COVID-19 vaccinations are required for the 35,000 San Francisco city employees and government staffers. If workers do not get the vaccine, they risk getting fired.
San Francisco is the first city to make this mandate this requirement. People that have medical issues or religious reasons are not required to get the vaccine.
The mandate will begin once the vaccines have full FDA approval. Currently the vaccines are still under “emergency use authorization”
Approximately a little more than half of city workers have had at least their first shot of the COVID-19 vaccine.
The city released this statement:
Please read this Order carefully. Violation of or failure to comply with this Order is a misdemeanor punishable by fine, imprisonment, or both. (California Health and Safety Code § 120295, et seq.; California Penal Code § § 69, 148(a)(1); and San Francisco Administrative Code § 7.17(b).)
As of June 15, 2021, and in connection with the State terminating the Blueprint for a Safer Economy and putting in its place new, limited COVID-19 guidance, this Order replaces the prior health order, Health Officer Order No. C19-07x (the StaySafer-At-Home Order), in its entirety.
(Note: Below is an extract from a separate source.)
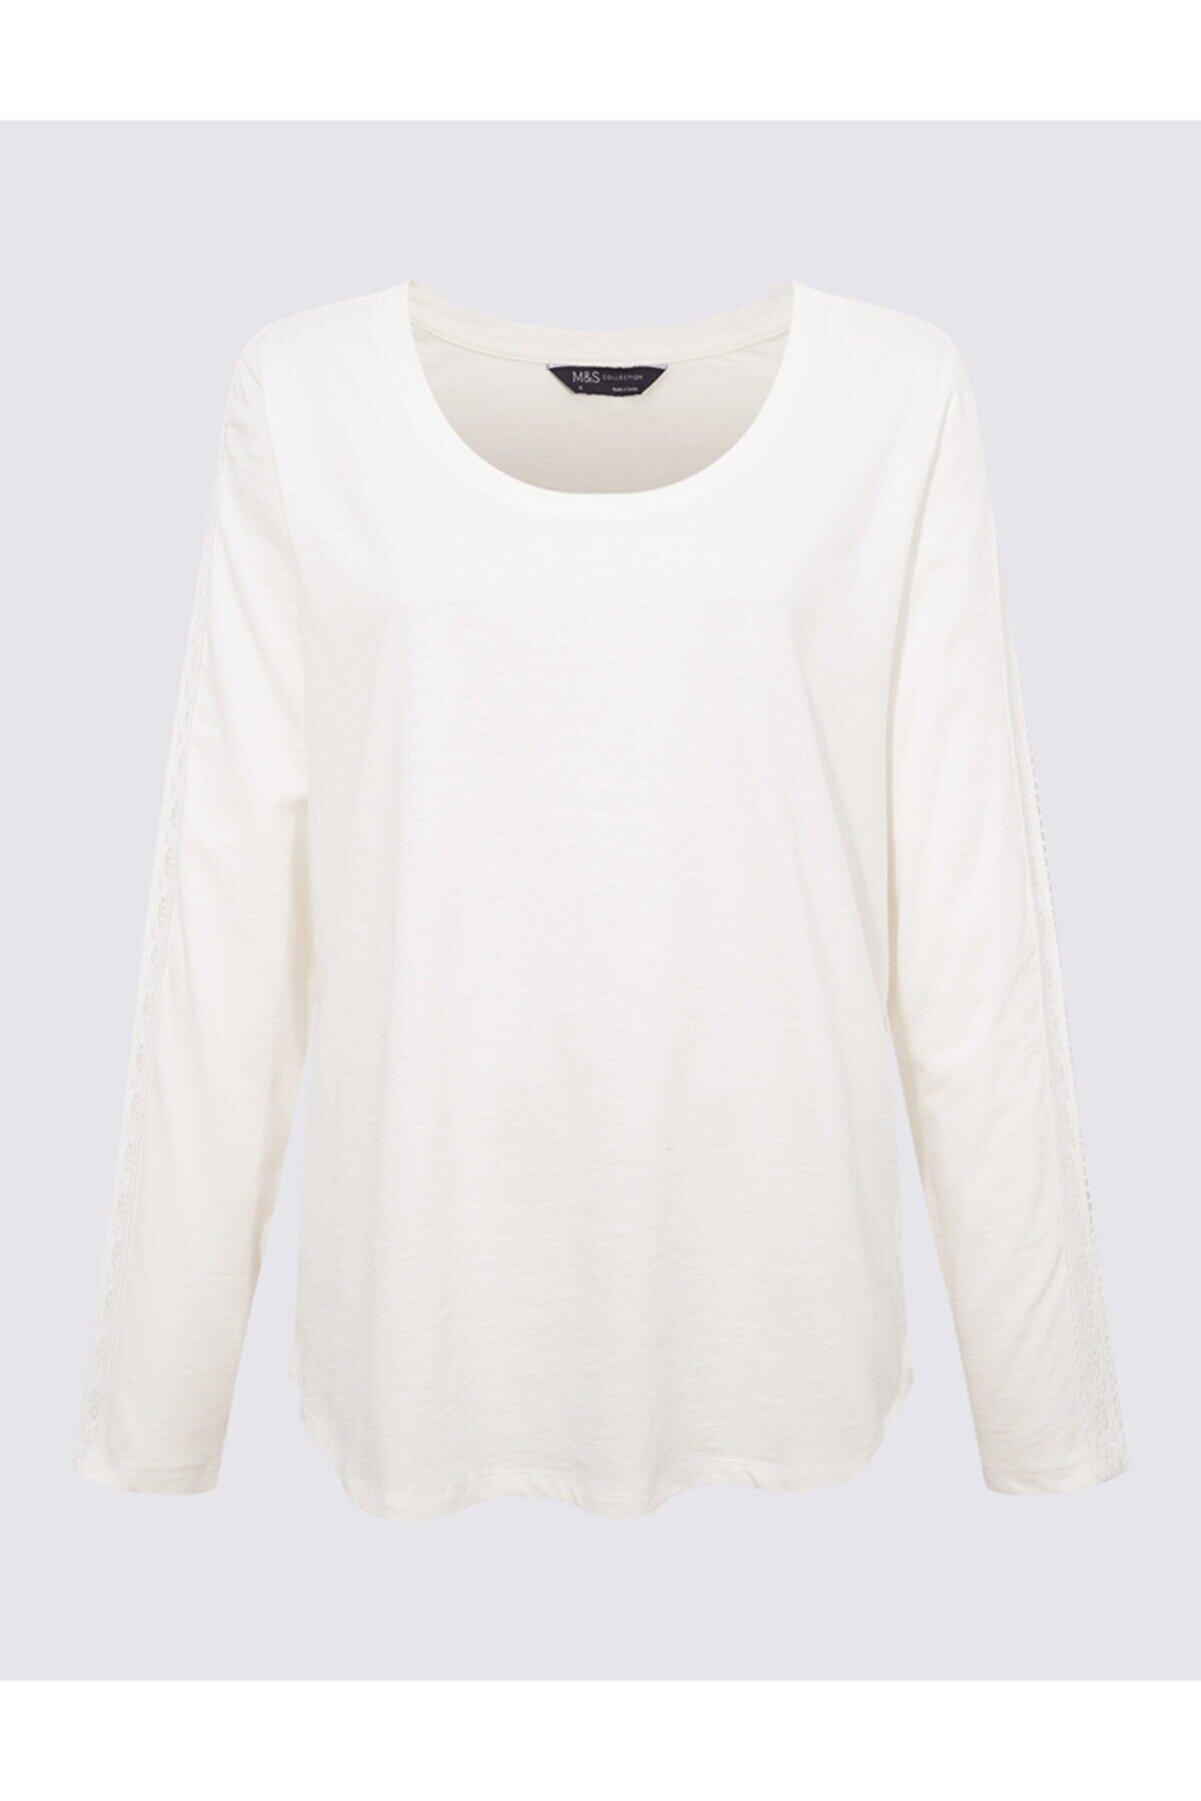 Marks & Spencer Dantelli Uzun Kollu T-shirt

Based on increasing vaccination and the success of the City and County of San Francisco, the rest of the Bay Area, and the State in containing the virus that causes COVID-19, this Order lifts local capacity limits on business and other sectors, local physical distancing requirements, and many other previous health and safety restrictions.
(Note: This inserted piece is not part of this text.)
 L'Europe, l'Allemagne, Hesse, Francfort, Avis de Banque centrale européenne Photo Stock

Businesses are no longer required to prepare and post social distancing protocols or in most instances submit health and safety plans to the Health Officer. Nor are they strongly urged to allow office employees to continue to work remotely as much as possible. Also, except for schools, childcare, and out of school time programs, sector specific guidance under local health directives no longer apply. This Order continues to place certain safety requirements on individuals, including masking requirements in some settings, consistent with federal and state rules.
And it places some requirements on businesses and government entities, such as a general requirement to report positive cases in the workplace and in schools, a new and much more limited requirement for signage, and a vaccination or testing requirement to admit people to attend indoor mega-events largely consistent with state rules.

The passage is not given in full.